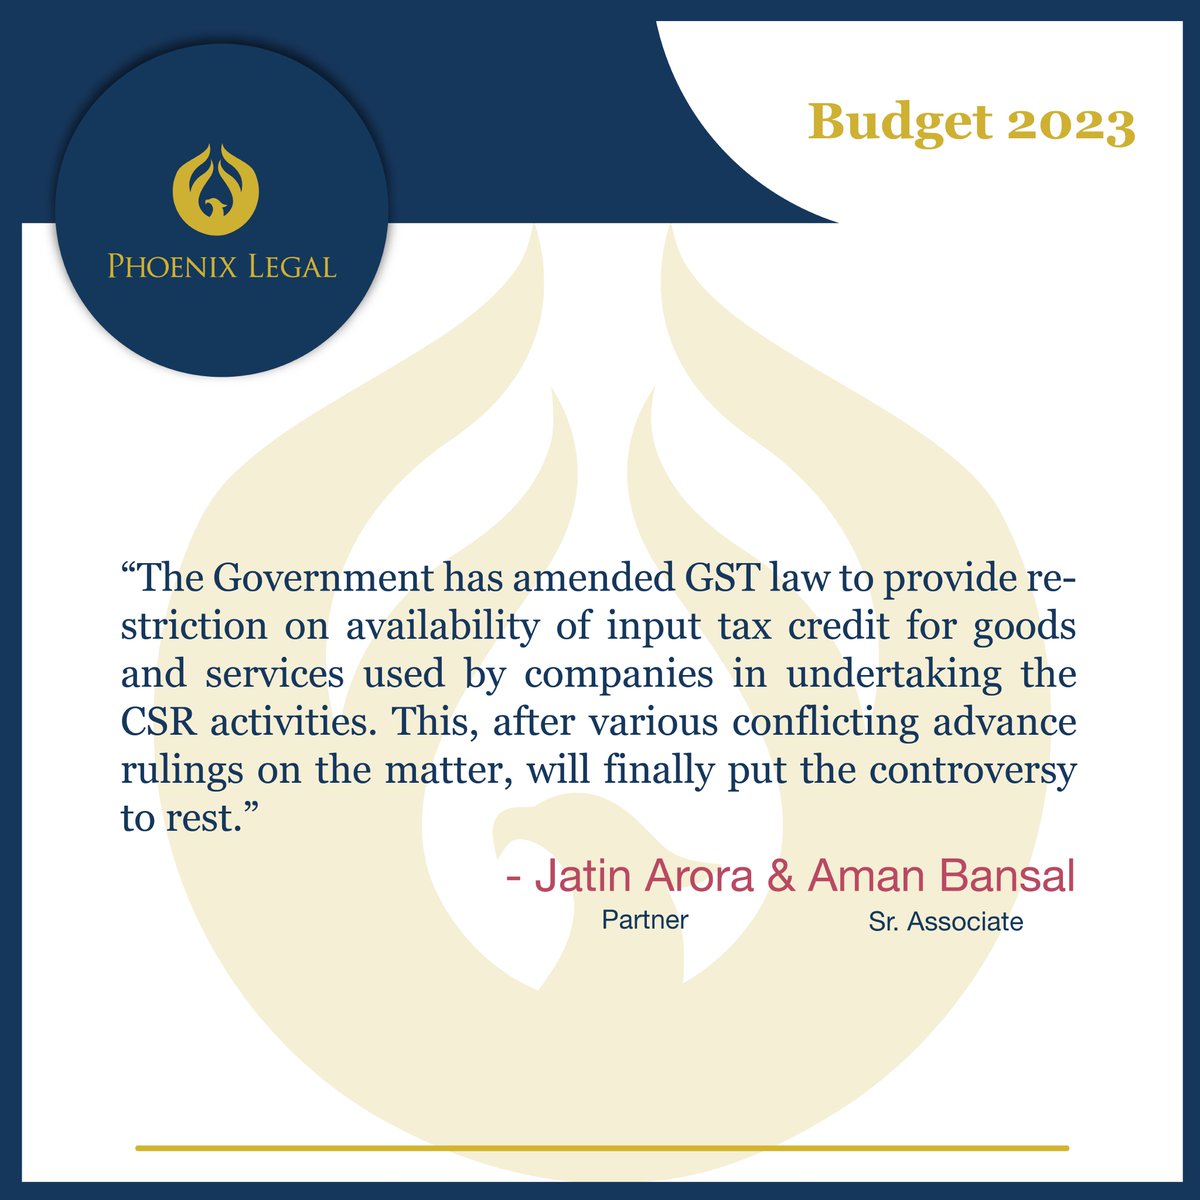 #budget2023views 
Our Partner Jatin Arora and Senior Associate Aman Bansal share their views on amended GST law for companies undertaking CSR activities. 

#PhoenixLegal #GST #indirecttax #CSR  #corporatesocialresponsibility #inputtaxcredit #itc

********

Problem —
Give the listing above again exactly, minus any images.

Answer space —
 #budget2023views 
Our Partner Jatin Arora and Senior Associate Aman Bansal share their views on amended GST law for companies undertaking CSR activities. 

#PhoenixLegal #GST #indirecttax #CSR  #corporatesocialresponsibility #inputtaxcredit #itc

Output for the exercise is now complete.